# Inshore Grand Slam...on the same artificial swim bait.



## Bullgat0r (May 13, 2012)

South of Black water Bay. 14"Flounder, 19" Speckled Trout, 26" Red Drum. All caught on the same swim bait. I have a sunburn and a thousand noseeum bites, but it was worth it for the Grand Slam! Thank you Lord for a great day!:thumbup:


----------



## PJIII (Oct 29, 2011)

Nice catch congrats!!


----------



## Tobiwan (Apr 27, 2012)

Nice job!! 🎣


----------



## rfh21 (May 17, 2012)

Gotta hold that flounder with your teeth! Congrats!


----------



## Bullgat0r (May 13, 2012)

Spring time here has the best fishing hands down...


----------



## fsu alex (Aug 3, 2011)

Good job on the slam!


----------



## jmacvip (Oct 1, 2007)

Great job. Is it me or is the no seeum's out of control this year?


----------



## silverbackmac (Apr 30, 2013)

awesome!! Cant wait to get back out there....


----------



## jbs_bama (May 24, 2010)

That's awesome. Great job on the slam. I'm looking to yak slam some flounder soon.


----------



## Reel Sick (May 4, 2009)

That's a nice little slam there. Thanks for the report.


----------



## cablechris (May 3, 2011)

jmacvip said:


> Great job. Is it me or is the no seeum's out of control this year?


Nope its not just you. I jumped out of my work van hooked a customer up then back in my van less then 5 mins. and I had a bunch of them all over my arms. 

Thats awesome you got them all on the same bait!


----------



## Randall2point0 (Feb 11, 2011)

Wirelessly posted

I have thrown a swim bait four hours and never got a hit. What size were you throwing? I was throwing one about 3" maybe.


----------



## Bullgat0r (May 13, 2012)

It was a pre-rigged, weighted, five inch, pearl white by Storm Lures. I can't find them anywhere and only have three left. That is my go to lure.


----------



## Randall2point0 (Feb 11, 2011)

Wirelessly posted

You bump them on the bottom or jig them kinda fast?


----------



## Bullgat0r (May 13, 2012)

Kind of like walking the dog just out of site from the surface.
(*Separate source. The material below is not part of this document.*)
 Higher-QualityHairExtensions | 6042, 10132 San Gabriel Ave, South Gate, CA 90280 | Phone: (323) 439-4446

Tip, tip, reel, varying the action but not fast like you would a Gotcha lure for Spanish mackerel. You can't forget the most important detail of using a loop knot and fluorocarbon leader.


----------



## Randall2point0 (Feb 11, 2011)

Wirelessly posted

I don't catch many flounder, but I figured they would want something slower on the bottom. How deep we're you when you caught the flounder?


----------



## Yakaholic (Apr 30, 2013)

That's how ya do it right there. Good eats.


----------



## Maddogfishing (Mar 15, 2013)

great job thanks for the post


----------



## SurfRidr (Apr 24, 2012)

Nice catches!

I had similar experience the other day, at least on the trout. I was throwing a 5" white and chart swim bait by Yum, on a weighted wide gap hook. I let it fall all the way to the bottom, and then bring it in just fast enough to make the tail swim, while twitching intermittently for a little more action.
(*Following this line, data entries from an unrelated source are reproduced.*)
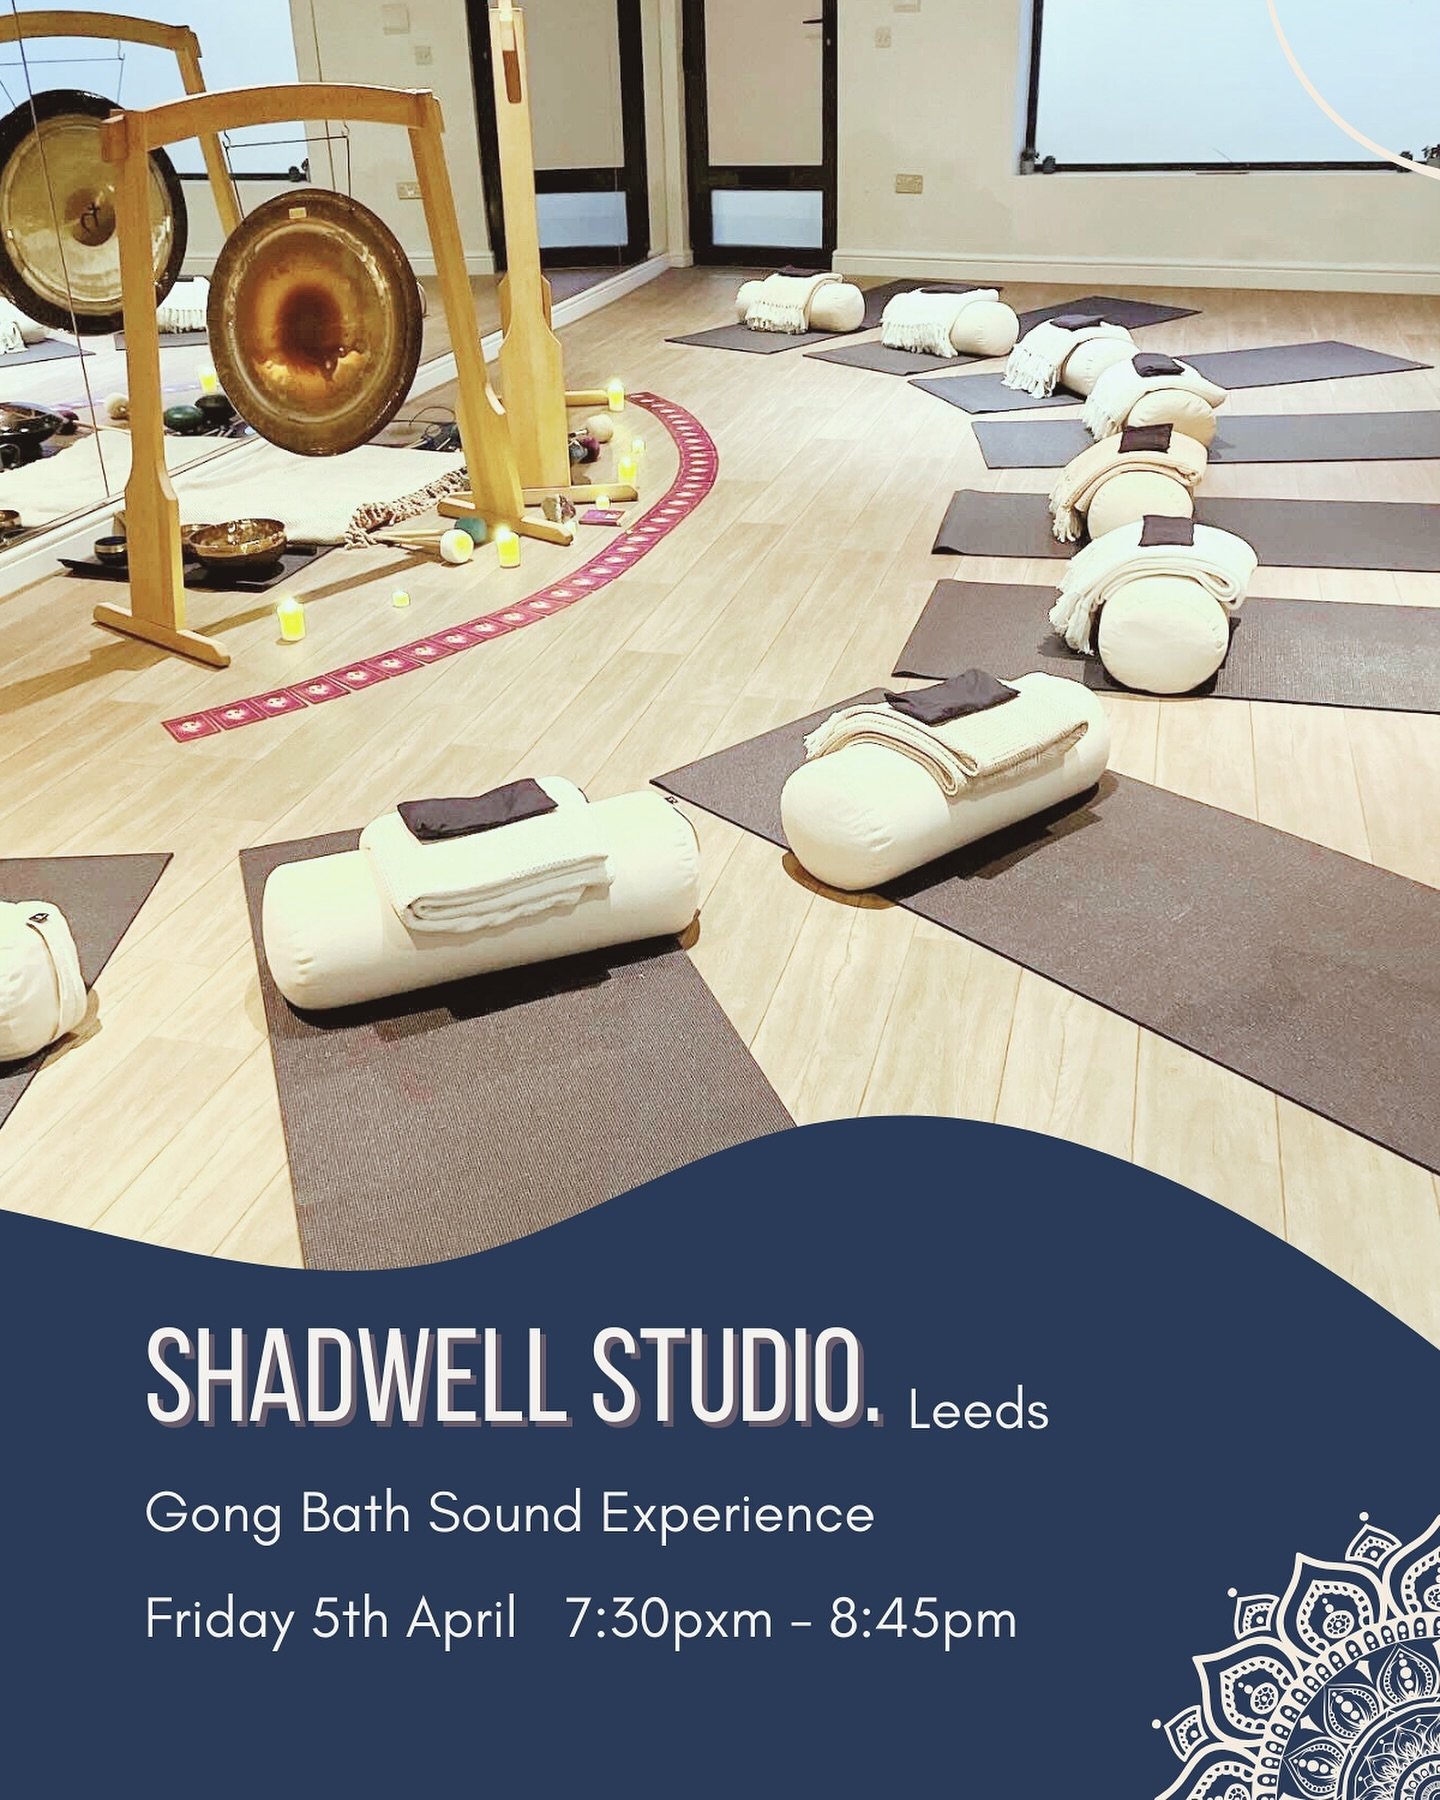 Gong Bath Experience! 

Friday 5th April
7:30-8:45pm

So many powerful benefits &hellip;

✨reduced stress

✨improved sleep quality 

✨deep meditation 

✨relief from anxiety 

✨calming the mind

✨increased sense of peace 

 Give yourself time to:

💫p

Caught 4 trout in about 4 hours, and considering that I have almost no saltwater experience and only know what I have read (mostly here), I was pretty happy because only one was under 20 inches. (17, 21, 21, 22, and lost another).

Congrats on your slam, that's awesome!


----------



## TSJ (Apr 25, 2013)

Nice Slamm man. What kind of swim bait were you using?


----------